**About this exercise**
In the lines below, output everything from the first line through the line containing "Long Distance Relationship" exactly as it is. Pictures are not part of the output.

**Data block**
..............................
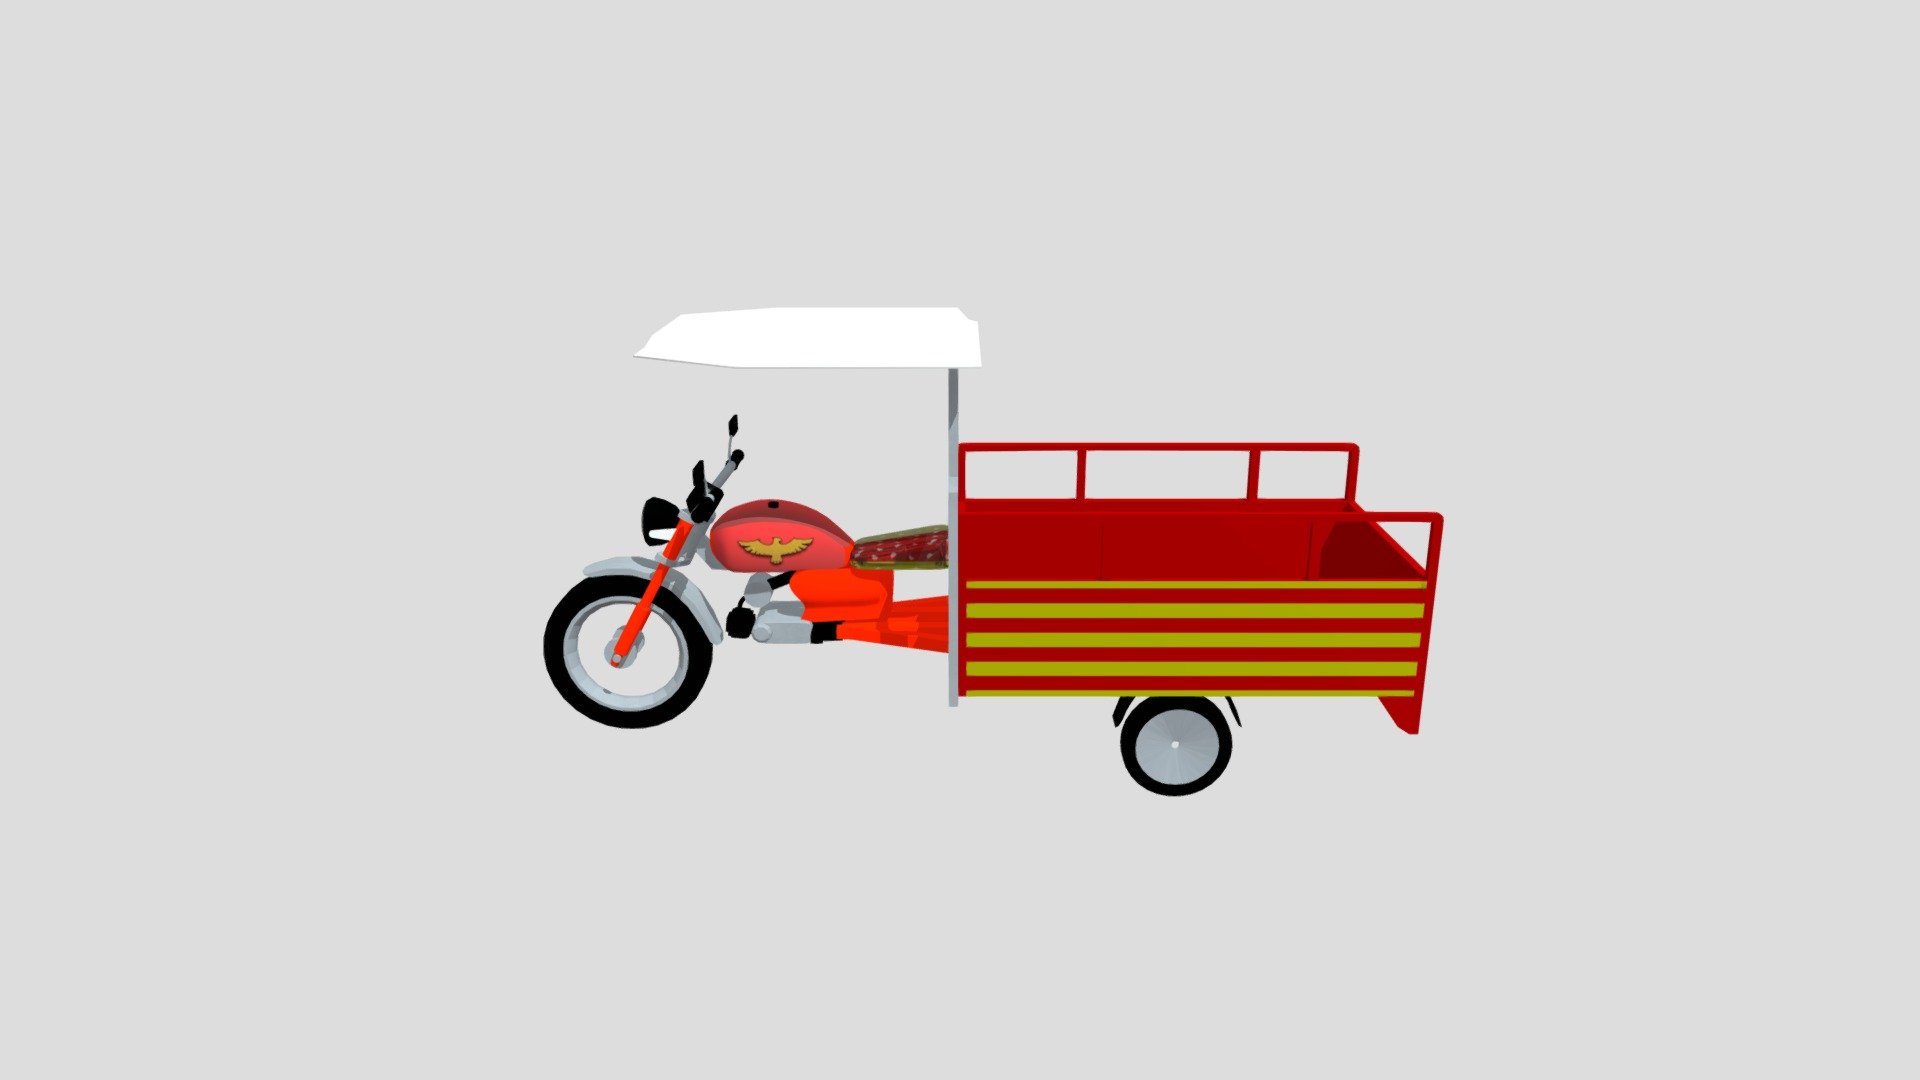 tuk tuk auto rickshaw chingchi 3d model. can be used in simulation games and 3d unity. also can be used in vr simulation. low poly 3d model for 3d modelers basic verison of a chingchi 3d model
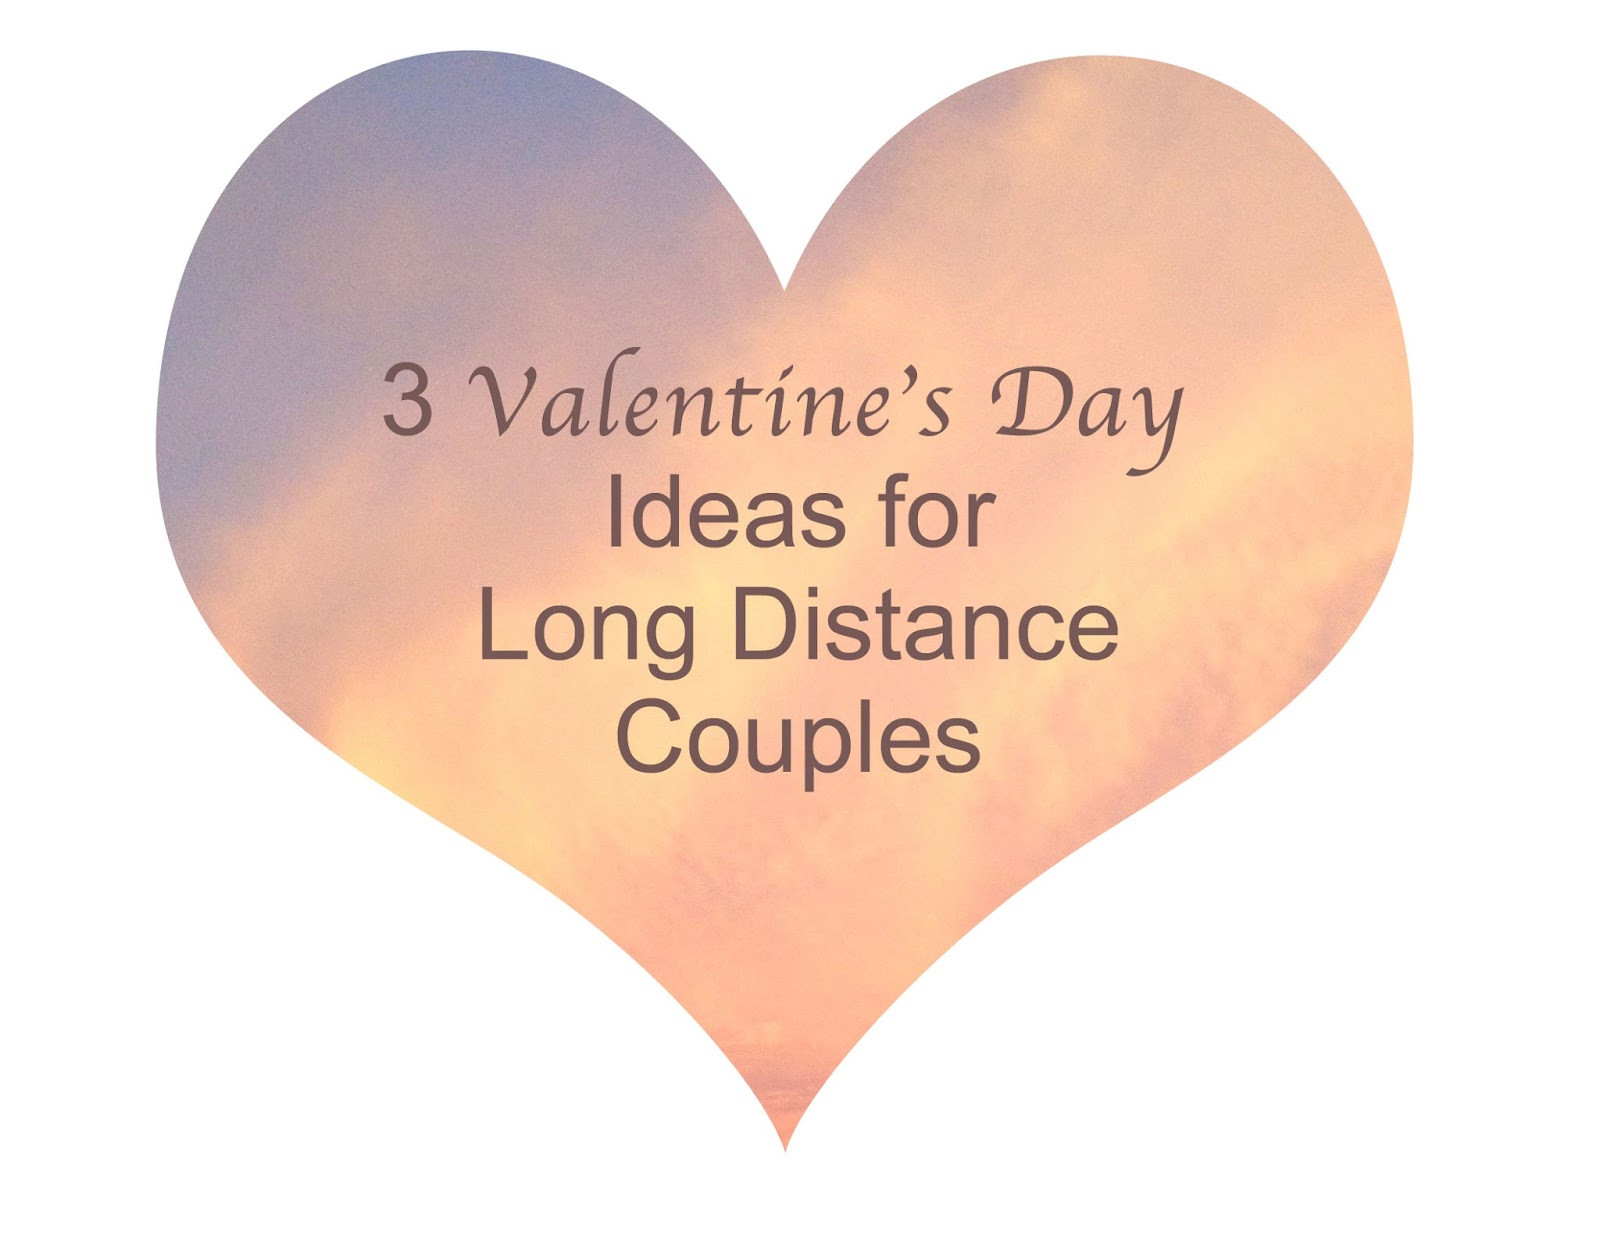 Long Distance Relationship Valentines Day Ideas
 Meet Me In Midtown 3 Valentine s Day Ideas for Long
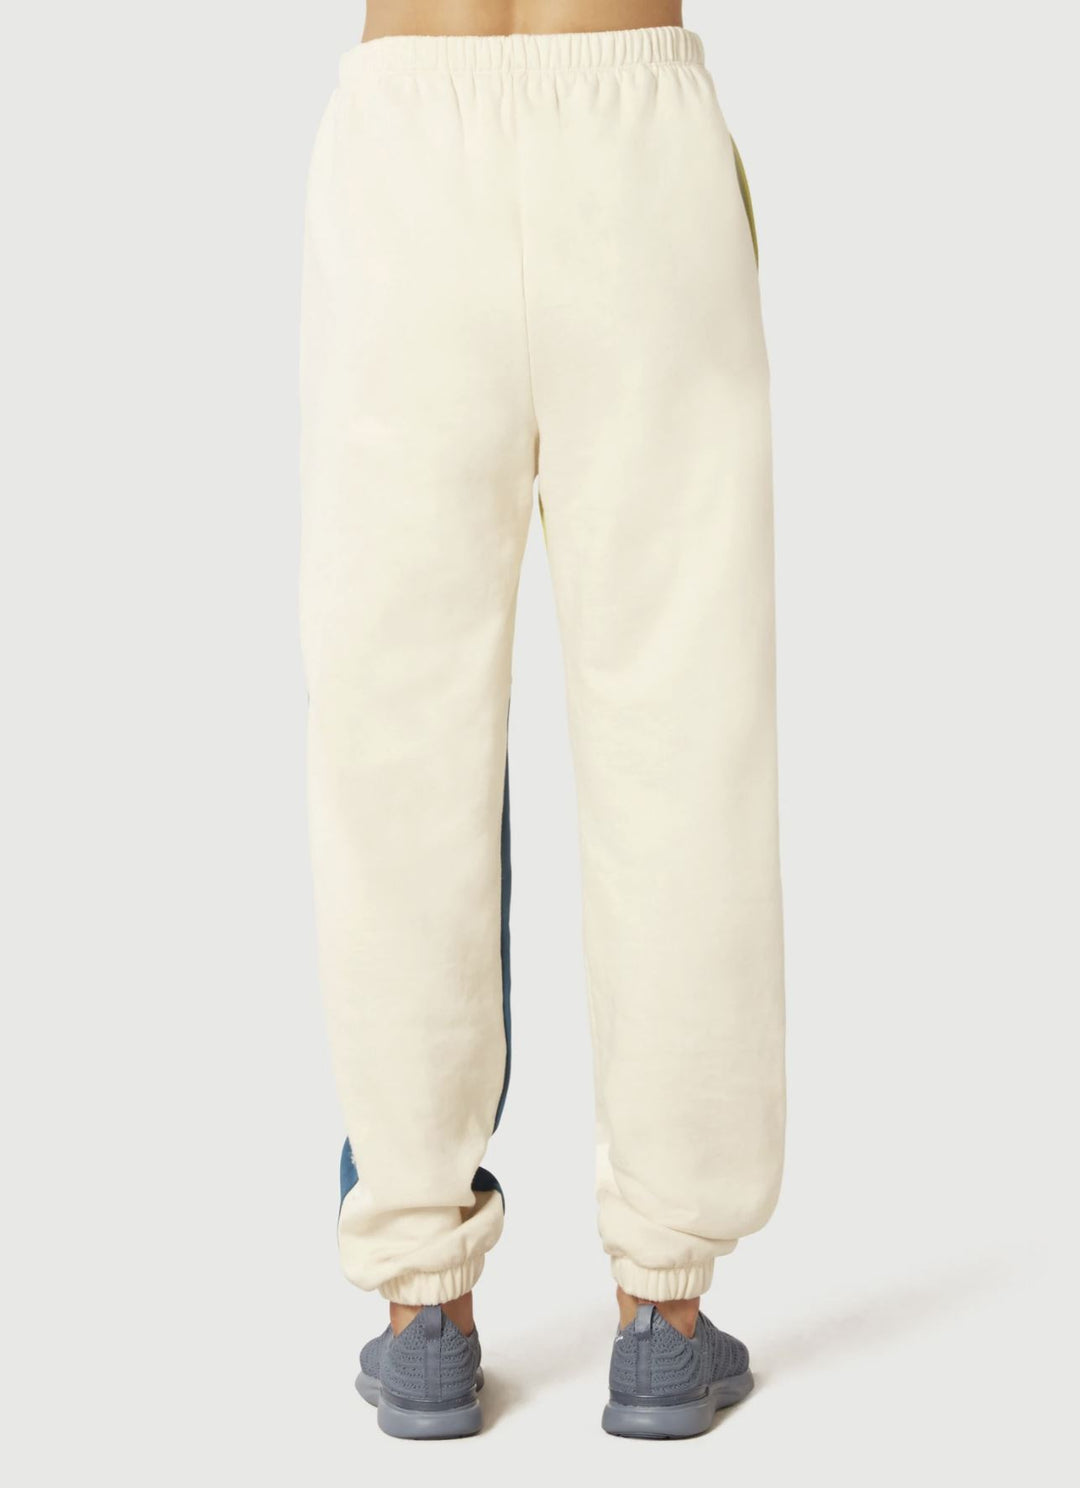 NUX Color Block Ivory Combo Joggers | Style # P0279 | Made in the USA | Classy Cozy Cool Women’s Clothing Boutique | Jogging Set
..............................
**Answer to this exercise**
 tuk tuk auto rickshaw chingchi 3d model. can be used in simulation games and 3d unity. also can be used in vr simulation. low poly 3d model for 3d modelers basic verison of a chingchi 3d model
 Long Distance Relationship Valentines Day Ideas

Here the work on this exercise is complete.